- [ABOUT THIS TASK]
Below are the entries; give again exactly the lines from the one mentioning "A beautiful oil" through the one mentioning "Benchmarking and Overclocking", inclusive.

- [EXTRACTED MATERIAL]
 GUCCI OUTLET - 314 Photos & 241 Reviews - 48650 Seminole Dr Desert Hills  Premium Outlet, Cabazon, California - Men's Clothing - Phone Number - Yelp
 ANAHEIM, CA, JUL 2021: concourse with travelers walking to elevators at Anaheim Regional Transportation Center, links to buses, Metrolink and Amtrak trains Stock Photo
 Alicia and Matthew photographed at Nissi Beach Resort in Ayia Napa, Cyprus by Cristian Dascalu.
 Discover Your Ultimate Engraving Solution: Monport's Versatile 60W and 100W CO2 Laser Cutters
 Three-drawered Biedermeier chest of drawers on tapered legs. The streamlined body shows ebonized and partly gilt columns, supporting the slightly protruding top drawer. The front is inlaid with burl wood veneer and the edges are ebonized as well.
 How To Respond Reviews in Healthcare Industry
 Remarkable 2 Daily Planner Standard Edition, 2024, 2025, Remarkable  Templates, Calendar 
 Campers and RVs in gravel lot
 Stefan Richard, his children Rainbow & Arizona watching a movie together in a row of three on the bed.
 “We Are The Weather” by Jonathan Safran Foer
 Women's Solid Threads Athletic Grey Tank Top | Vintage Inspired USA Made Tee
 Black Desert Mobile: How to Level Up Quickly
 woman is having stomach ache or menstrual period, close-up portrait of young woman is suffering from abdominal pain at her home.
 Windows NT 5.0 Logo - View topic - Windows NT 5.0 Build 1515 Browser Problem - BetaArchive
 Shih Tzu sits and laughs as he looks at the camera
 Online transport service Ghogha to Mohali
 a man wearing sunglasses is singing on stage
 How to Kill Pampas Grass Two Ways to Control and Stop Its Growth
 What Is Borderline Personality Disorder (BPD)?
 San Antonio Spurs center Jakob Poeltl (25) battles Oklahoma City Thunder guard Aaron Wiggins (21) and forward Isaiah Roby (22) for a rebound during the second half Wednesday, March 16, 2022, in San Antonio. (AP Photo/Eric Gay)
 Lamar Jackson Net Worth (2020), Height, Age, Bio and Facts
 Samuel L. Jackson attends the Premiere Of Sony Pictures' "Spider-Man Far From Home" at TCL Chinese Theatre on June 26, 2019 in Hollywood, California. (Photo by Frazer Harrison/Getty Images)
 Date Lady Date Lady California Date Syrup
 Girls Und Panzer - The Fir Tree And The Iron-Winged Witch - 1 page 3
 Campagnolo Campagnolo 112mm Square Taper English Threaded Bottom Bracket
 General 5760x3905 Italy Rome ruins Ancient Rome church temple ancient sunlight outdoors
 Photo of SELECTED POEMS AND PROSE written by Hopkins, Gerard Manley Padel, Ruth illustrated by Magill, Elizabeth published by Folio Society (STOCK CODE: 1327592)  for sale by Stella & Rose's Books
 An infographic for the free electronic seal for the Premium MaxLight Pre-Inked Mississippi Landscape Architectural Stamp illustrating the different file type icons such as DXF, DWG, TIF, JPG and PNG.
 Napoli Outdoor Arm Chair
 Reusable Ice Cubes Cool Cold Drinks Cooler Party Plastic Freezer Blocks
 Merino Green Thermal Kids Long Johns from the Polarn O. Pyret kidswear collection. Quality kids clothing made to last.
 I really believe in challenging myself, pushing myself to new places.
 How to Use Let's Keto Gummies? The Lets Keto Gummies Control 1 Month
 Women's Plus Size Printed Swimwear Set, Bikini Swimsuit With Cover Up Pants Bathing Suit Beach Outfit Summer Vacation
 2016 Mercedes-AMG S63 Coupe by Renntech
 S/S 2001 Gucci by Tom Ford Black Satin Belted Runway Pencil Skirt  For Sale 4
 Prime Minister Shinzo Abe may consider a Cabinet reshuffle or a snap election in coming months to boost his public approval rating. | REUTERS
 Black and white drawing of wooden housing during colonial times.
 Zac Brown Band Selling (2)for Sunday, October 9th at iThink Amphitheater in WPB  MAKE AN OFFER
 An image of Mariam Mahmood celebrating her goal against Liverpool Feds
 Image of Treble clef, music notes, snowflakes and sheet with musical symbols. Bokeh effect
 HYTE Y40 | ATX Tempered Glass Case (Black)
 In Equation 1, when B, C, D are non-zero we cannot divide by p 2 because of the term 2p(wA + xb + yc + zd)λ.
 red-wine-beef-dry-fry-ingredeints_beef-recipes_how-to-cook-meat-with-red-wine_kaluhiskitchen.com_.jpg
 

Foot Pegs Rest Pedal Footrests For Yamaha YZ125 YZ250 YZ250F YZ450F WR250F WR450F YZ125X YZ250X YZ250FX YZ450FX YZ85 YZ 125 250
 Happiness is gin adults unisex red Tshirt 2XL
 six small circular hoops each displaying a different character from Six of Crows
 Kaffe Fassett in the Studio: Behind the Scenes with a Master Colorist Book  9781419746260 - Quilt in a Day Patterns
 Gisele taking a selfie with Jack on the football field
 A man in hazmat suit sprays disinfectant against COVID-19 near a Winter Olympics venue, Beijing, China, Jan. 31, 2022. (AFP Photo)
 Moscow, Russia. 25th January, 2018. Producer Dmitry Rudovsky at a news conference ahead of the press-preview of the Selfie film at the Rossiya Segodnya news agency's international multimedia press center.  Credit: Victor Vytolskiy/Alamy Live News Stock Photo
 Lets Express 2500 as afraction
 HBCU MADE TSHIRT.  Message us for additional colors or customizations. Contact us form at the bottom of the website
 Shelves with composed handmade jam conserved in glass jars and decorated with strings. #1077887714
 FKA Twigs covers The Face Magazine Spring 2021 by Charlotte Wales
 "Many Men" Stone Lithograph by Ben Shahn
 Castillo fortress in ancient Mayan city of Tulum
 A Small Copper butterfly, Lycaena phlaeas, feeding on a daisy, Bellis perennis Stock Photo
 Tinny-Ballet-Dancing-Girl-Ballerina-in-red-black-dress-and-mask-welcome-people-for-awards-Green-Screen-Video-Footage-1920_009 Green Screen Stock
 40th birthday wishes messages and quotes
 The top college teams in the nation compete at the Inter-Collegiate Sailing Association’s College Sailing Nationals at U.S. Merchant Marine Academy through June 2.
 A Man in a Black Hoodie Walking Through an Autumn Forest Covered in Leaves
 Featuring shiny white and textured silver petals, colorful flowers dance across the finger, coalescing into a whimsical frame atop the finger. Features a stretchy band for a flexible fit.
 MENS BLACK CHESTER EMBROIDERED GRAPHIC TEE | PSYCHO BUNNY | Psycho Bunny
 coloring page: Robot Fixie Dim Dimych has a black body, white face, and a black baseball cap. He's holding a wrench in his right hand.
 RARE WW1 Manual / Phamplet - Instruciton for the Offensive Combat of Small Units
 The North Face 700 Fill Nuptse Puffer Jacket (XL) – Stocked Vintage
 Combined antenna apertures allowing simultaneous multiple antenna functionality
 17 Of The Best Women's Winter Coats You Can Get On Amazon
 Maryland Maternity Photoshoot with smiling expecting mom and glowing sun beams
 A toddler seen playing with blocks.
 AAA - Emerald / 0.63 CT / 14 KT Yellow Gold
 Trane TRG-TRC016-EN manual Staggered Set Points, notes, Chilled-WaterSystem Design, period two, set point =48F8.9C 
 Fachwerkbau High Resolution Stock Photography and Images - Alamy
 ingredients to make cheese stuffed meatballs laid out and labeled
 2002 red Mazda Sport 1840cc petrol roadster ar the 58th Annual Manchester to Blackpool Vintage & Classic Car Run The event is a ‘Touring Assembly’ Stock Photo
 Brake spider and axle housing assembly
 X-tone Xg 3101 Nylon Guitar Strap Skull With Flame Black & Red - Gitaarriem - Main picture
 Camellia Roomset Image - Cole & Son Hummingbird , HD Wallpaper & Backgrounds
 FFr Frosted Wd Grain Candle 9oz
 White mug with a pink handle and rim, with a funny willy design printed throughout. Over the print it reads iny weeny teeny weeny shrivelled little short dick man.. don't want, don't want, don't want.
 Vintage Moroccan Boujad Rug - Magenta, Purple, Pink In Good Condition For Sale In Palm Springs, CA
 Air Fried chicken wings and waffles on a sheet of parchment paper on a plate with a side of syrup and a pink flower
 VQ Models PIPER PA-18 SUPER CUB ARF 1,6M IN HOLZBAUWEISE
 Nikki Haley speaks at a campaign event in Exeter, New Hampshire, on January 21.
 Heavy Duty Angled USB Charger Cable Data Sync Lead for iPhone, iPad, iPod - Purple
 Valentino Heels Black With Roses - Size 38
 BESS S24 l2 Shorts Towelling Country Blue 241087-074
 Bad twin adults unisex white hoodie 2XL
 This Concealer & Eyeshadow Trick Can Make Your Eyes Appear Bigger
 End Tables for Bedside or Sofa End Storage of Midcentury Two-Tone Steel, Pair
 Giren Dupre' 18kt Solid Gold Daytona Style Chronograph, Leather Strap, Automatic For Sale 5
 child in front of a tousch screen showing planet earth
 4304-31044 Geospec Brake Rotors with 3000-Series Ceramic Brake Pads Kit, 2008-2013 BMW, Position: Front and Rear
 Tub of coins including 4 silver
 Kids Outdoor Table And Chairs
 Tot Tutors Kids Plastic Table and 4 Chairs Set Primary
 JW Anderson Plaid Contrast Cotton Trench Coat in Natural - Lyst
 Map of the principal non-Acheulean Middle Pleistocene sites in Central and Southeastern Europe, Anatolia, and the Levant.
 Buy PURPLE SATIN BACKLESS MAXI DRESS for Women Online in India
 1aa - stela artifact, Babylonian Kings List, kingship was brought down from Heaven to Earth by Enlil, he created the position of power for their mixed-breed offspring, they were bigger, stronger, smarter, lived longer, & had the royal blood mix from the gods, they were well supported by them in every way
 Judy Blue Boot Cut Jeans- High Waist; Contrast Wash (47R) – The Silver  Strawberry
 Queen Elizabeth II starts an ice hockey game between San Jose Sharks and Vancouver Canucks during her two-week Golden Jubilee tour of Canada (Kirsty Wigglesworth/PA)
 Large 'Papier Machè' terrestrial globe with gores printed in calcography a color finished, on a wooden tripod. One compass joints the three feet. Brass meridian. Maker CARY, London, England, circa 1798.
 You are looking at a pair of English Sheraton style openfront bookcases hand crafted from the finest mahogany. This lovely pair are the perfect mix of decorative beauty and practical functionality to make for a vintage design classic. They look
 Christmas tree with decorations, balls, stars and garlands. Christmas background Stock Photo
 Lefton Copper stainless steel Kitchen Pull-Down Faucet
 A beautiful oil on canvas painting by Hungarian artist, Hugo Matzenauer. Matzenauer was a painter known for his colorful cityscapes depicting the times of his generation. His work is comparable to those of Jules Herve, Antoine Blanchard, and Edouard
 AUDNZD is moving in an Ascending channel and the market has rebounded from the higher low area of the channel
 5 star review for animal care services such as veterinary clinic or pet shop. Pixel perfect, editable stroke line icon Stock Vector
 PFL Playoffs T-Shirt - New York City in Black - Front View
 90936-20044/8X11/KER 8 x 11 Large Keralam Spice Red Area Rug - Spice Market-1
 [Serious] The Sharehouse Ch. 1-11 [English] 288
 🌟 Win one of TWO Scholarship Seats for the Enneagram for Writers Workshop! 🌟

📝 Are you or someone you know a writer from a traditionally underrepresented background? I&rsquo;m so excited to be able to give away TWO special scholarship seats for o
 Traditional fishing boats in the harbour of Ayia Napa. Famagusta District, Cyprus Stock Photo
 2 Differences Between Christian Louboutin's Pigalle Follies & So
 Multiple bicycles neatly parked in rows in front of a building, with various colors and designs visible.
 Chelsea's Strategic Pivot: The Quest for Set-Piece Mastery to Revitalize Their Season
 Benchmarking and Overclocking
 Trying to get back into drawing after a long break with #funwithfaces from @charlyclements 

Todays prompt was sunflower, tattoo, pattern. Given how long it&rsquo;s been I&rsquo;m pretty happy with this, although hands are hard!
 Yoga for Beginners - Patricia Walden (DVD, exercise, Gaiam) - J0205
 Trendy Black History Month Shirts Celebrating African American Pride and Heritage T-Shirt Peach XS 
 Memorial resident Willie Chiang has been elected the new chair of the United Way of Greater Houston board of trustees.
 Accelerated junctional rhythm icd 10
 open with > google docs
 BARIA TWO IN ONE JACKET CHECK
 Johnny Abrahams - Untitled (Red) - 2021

- [SOLUTION]
 A beautiful oil on canvas painting by Hungarian artist, Hugo Matzenauer. Matzenauer was a painter known for his colorful cityscapes depicting the times of his generation. His work is comparable to those of Jules Herve, Antoine Blanchard, and Edouard
 AUDNZD is moving in an Ascending channel and the market has rebounded from the higher low area of the channel
 5 star review for animal care services such as veterinary clinic or pet shop. Pixel perfect, editable stroke line icon Stock Vector
 PFL Playoffs T-Shirt - New York City in Black - Front View
 90936-20044/8X11/KER 8 x 11 Large Keralam Spice Red Area Rug - Spice Market-1
 [Serious] The Sharehouse Ch. 1-11 [English] 288
 🌟 Win one of TWO Scholarship Seats for the Enneagram for Writers Workshop! 🌟

📝 Are you or someone you know a writer from a traditionally underrepresented background? I&rsquo;m so excited to be able to give away TWO special scholarship seats for o
 Traditional fishing boats in the harbour of Ayia Napa. Famagusta District, Cyprus Stock Photo
 2 Differences Between Christian Louboutin's Pigalle Follies & So
 Multiple bicycles neatly parked in rows in front of a building, with various colors and designs visible.
 Chelsea's Strategic Pivot: The Quest for Set-Piece Mastery to Revitalize Their Season
 Benchmarking and Overclocking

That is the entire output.